Ideally one should check for acetylcholine receptor antibodies before taking mestinon, but otherwise at the low doses 15mg-30mg b.i.d it's a pretty safe drug. It has a short half life about 4 hours, so any side effects you experience wear off pretty quick. You'll feel any effect within 15min, better to start 15mg I'd suggest. I started on 7.5mg to be extra safe. For me Mestinon got rid of all my dyspepsia, but honestly I don't know if it was the vagal tone or the improved blood flow that helped. Normally drawing blood is a challenge for me, on mestinon it poured out.

That discovery inspired me to look into mestinon's effect on blood. I found acetylcholinesterase enzyme activity is raised in inflammatory vascular diseases. There's a complex association between AChE activity, ACh stimulation, red blood cell membrane integrity and deformability, and also NO/O2/CO2 gas exchange. So mestinon's anticholinesterase activity might be addressing the sticky blood issue. I do wonder if it was helping my gut microcirculation and gut function, or vagal tone, or both.

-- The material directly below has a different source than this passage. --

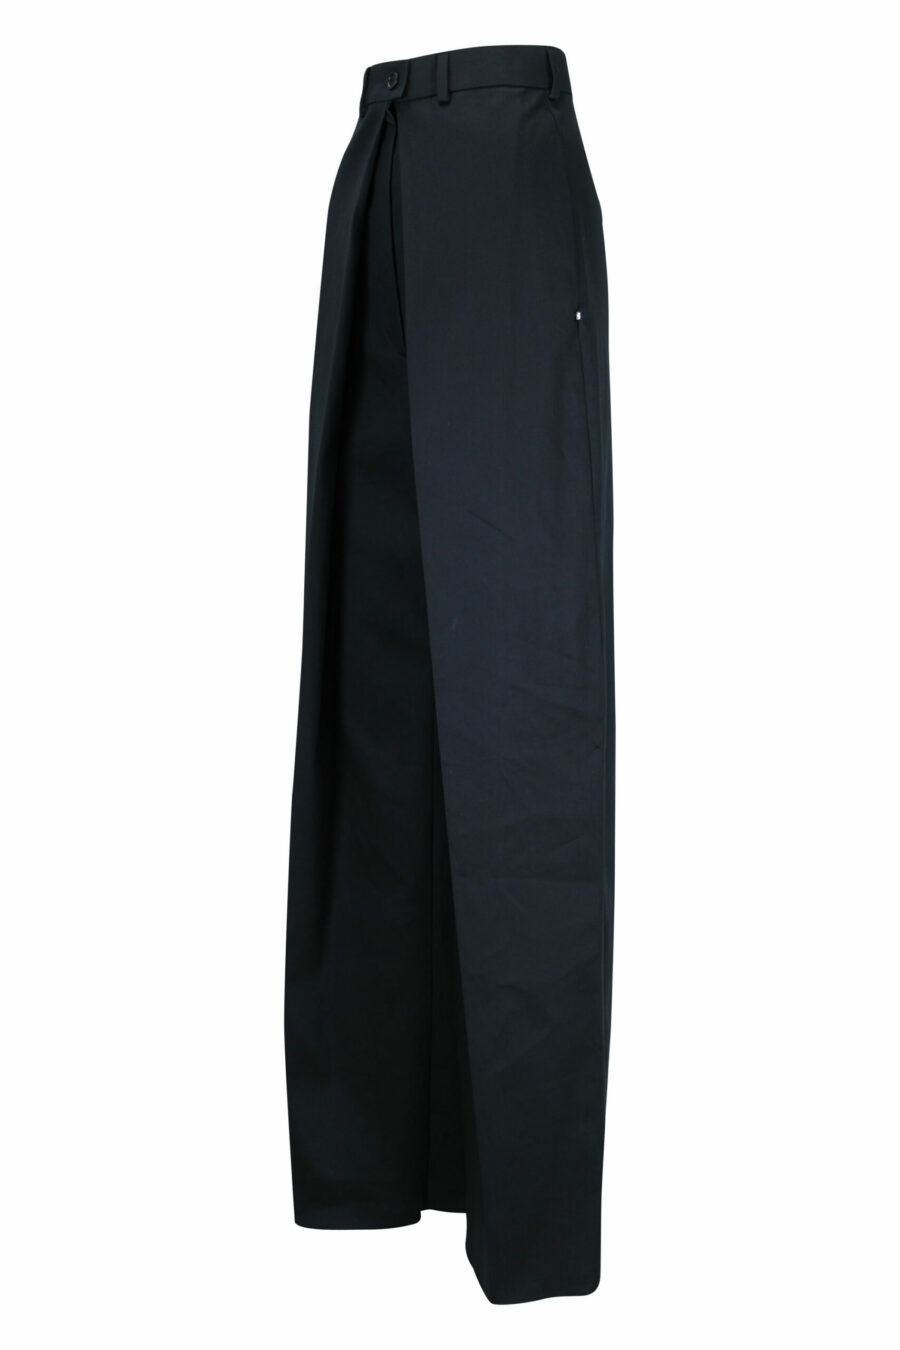 Pantalón negro de capas ancho - 21310841060032 2 scaled

I was having constant acid reflux about a year ago and Betaine HCL pills stopped it.

That's interesting. It may be speeding up your gastric emptying, perhaps you've got delayed emptying which can be associated with reflux.

Another possibility you may need explore is SIBO.

 

[paul80]

Very useful, thank you.

 

[Pyrrhus]

Like most things to do with this disease it's a bit random, chaotic.

Anyone have any ideas of what's happening or suggestions on anything i could take?

Some people above have suggested the possibility of acid reflux, also known as gastroesophageal reflux.

What I recently realized is that there is a lower esophageal sphincter which is normally closed to prevent stomach acid and enzymes from entering the esophagus, so when you get gastroesophageal reflux, it means that your lower esophageal sphincter is stuck in the open position, a very common type of dysautonomia!